Paid on-call personnel is another option being explored.

The minimum required staffing level reduction does not reduce the department’s total staff. Current vacancies have resulted from attrition. No employees have been fired, furloughed, or laid off, and there are no plans to do so, according to the mayor.

In the exit interviews of those employees who have left, low base pay has been cited repeatedly as a major reason for departure. Low base pay puts the department at a competitive disadvantage when trying to attract and retain employees with the experience and qualifications that fit the department’s needs. Both the department and city administration acknowledge this problem, but an agreeable solution has been elusive. The solution to the problem involves figuring out how to achieve a base pay increase that is significant enough to be competitive while remaining within budgetary constraints, Pavey indicated in the news release.

“There is a contingent that would like to maintain the department’s current staffing standard of 23 paid full-time firefighters and increase base pay. That is an unachievable and unsustainable option. No other community of our size has been able to staff their department at the numbers Rushville has,” the mayor stated. “A more reasonable and sustainable option could be to do more with less. Many communities of our size are operating this way already. For Rushville, this could involve keeping the current budget level but reducing the full-time staffing standard and redistributing the eliminated full-time salaries to the base pay of the remaining full-time staff.

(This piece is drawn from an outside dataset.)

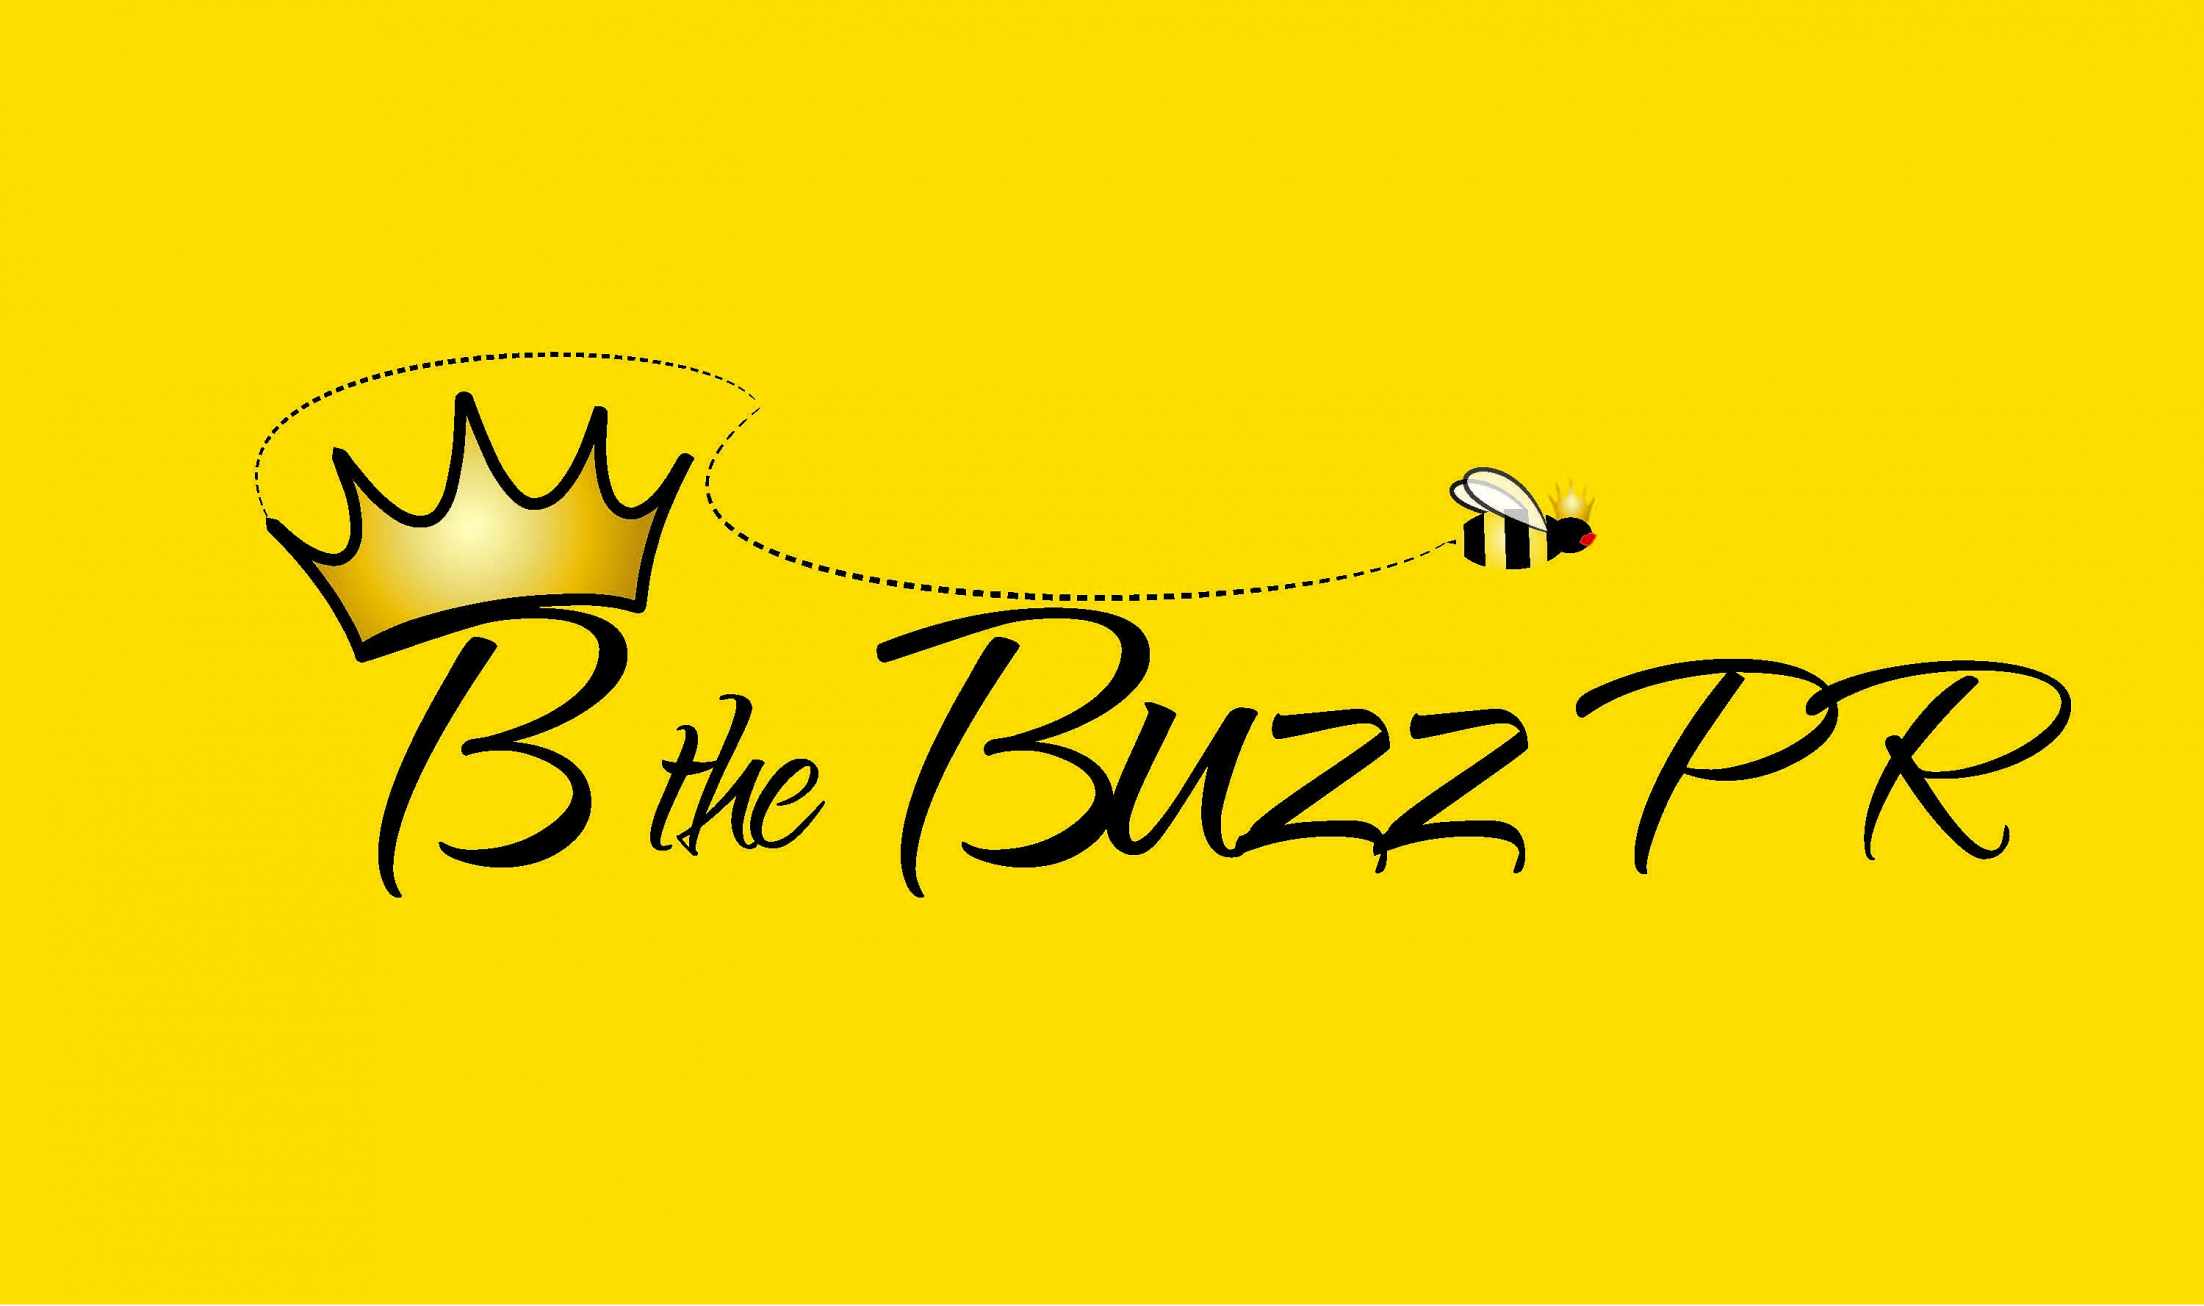 bthebuzzpr Logo
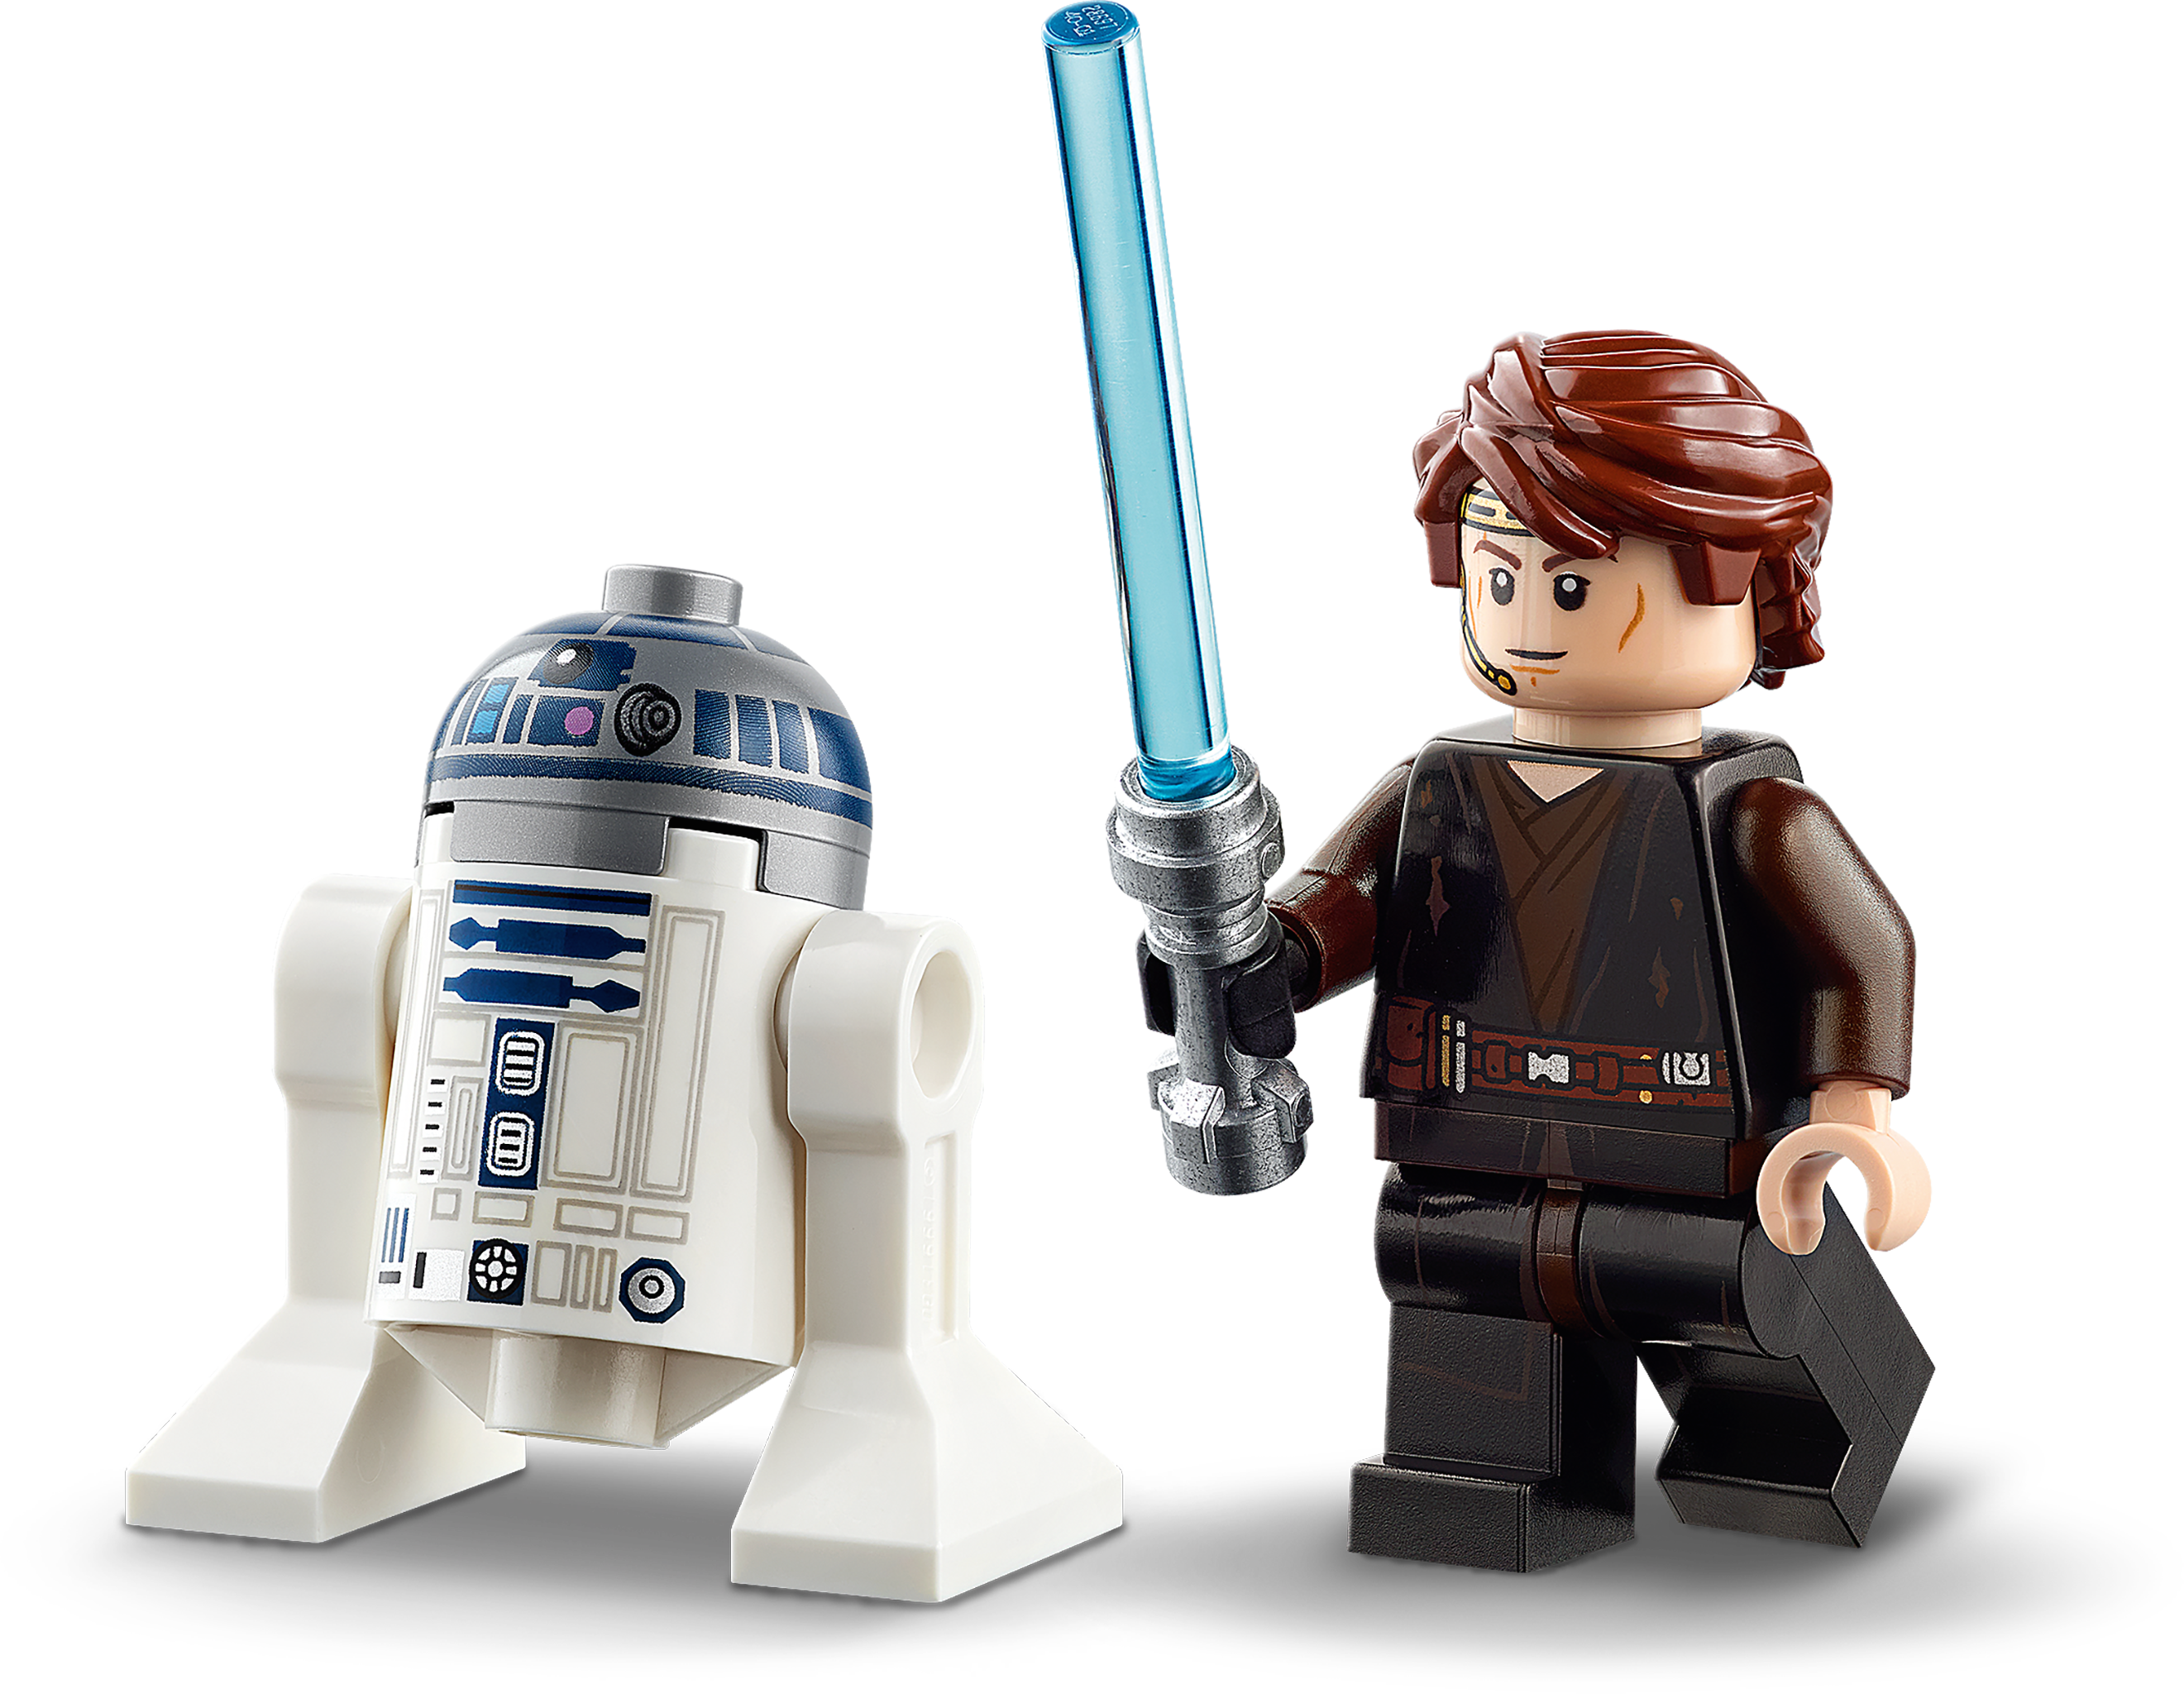 Download PNG image - Lego Star Wars PNG Transparent Image

Maintaining services may also require restructuring to add paid on-call personnel and/or part-time employees to continue to provide adequate coverage. This is certainly not a new option. City administration and department leadership have been aware of its potential for many years, but the department has shown reluctance to move in that direction.”

He went on to say that he has worked like no other mayor to keep the fire/EMS department sustainable, but to do that his administration is going to have to continue to tweak the system.

“We are at a point where we have to evolve,” Pavey stated.

“Looking at the service we provide now, the department does five or six medical runs for every fire run,” Rushville City Council President Bradley Berkemeier said. “Fighting fires and providing ambulance service are both important, life-saving endeavors, but the fact is we do more medical work than fire work now. Until everyone develops a better appreciation for that, I think we will continue to struggle to unite to make the changes that are needed.”

Elected officials and department leadership have been working to develop a system that will entice qualified new applicants. At the same time, they are working to encourage current members of the department to seek professional development opportunities and to engage more with the community in their public safety capacity.

In addition to working with department leadership, Mayor Pavey has sought advice and input from other communities’ fire/EMS leadership. He has also called upon Rushville Police Chief Craig Tucker to aid in the process, and said Tucker’s leadership and public safety experience have added valuable insight.

“Everyone is working hard to insure we come out of this with the best possible department for both our employees and our citizens,” Chief Tucker said. “We will continue to work to balance our responsibility to the public’s safety needs with our duty to be fiscally responsible agents of their tax dollars.”